I use a pc and a mac at work, but I'd like to clear out space and I know I can use a usb switch so that I can use one keyboard and mouse between two computers, but can I use the mac keyboard as my main keyboard for both computers?

any specific as to what usb switch I need to use?

btw, dont know if it matters, but I'll be using a logitech wireless mouse rather than the ones that comes with the apple computer.

thanks


----------



## irontree (Oct 28, 2006)

yes you can... a couple of keys are swapped though and I think the command key (aka the Apple key) becomes the start menu key


----------



## Todd (Oct 14, 2002)

As Irontree wrote, yes you can.

Before using it through a KVM (that's what you meant by "USB switch", correct?) you should connect the Apple keyboard and Logitech mouse directly to the Windows computer and let it recognize them. Once Windows reports "your new hardware is ready to use" you can connect them through the KVM.

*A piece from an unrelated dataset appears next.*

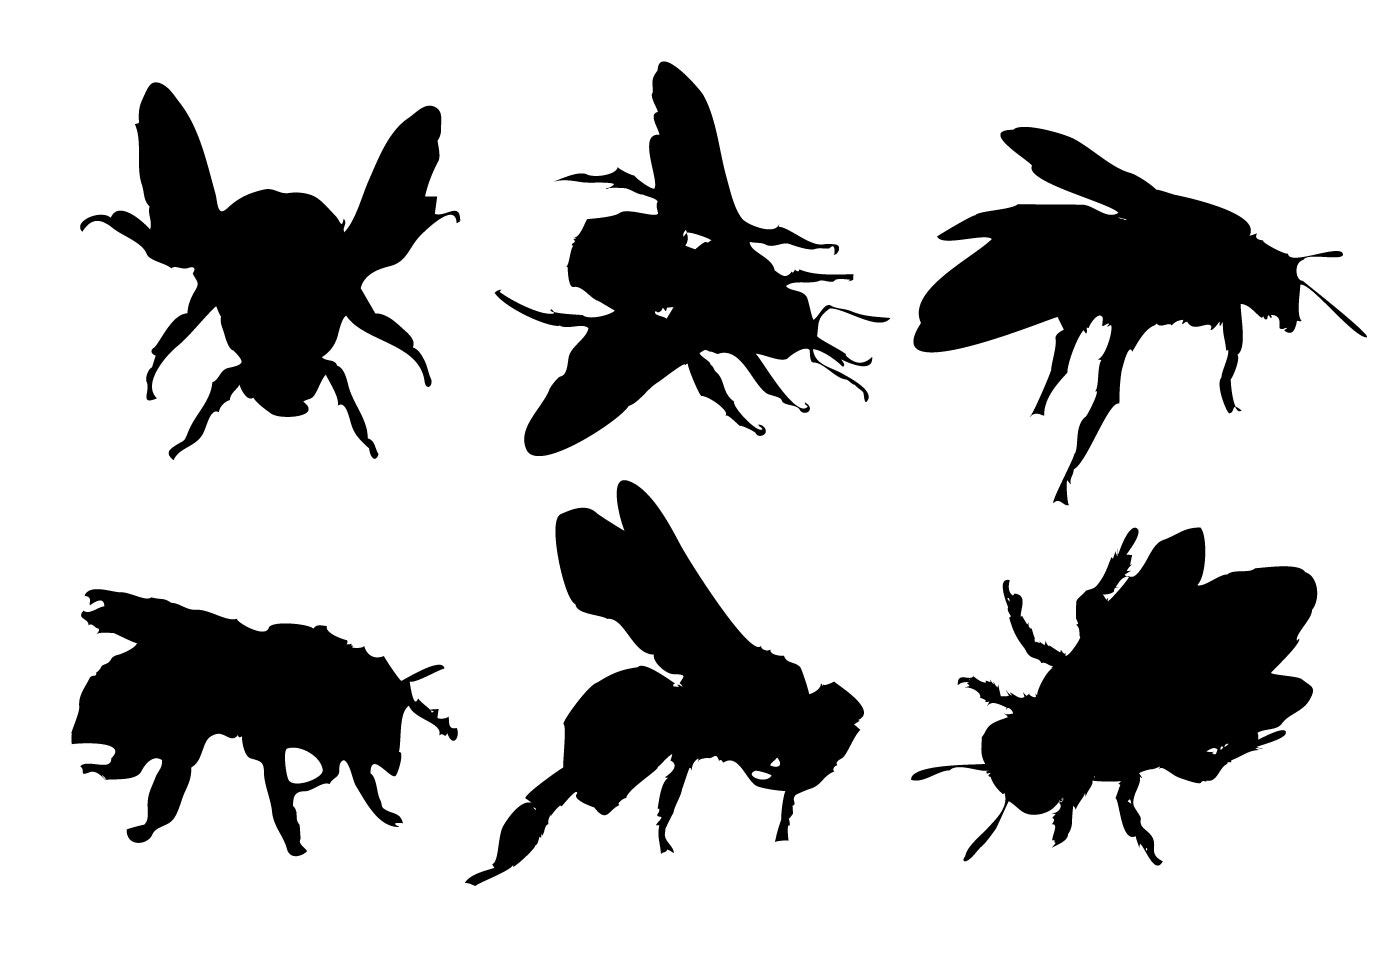 Free Bee Silhouette Vector - Download Free Vectors ...

I have dealt with situations where Windows could not correctly recognize a KVM, the associated USB hub and connected keyboard & mouse all at once when connected for the first time.

If you intend to use the USB ports on the Apple keyboard, you will need to use a powered KVM. (One that has it's own power supply.) The KVM itself is a USB hub and your computers won't supply enough power to power both the KVM USB hub and keyboard USB hub.


----------



## acc30 (Apr 26, 2006)

Todd said:


> As Irontree wrote, yes you can.
> 
> Before using it through a KVM (that's what you meant by "USB switch", correct?) you should connect the Apple keyboard and Logitech mouse directly to the Windows computer and let it recognize them. Once Windows reports "your new hardware is ready to use" you can connect them through the KVM.
> 
> ...


thanks for that info, I sure would not have thought of that at all


----------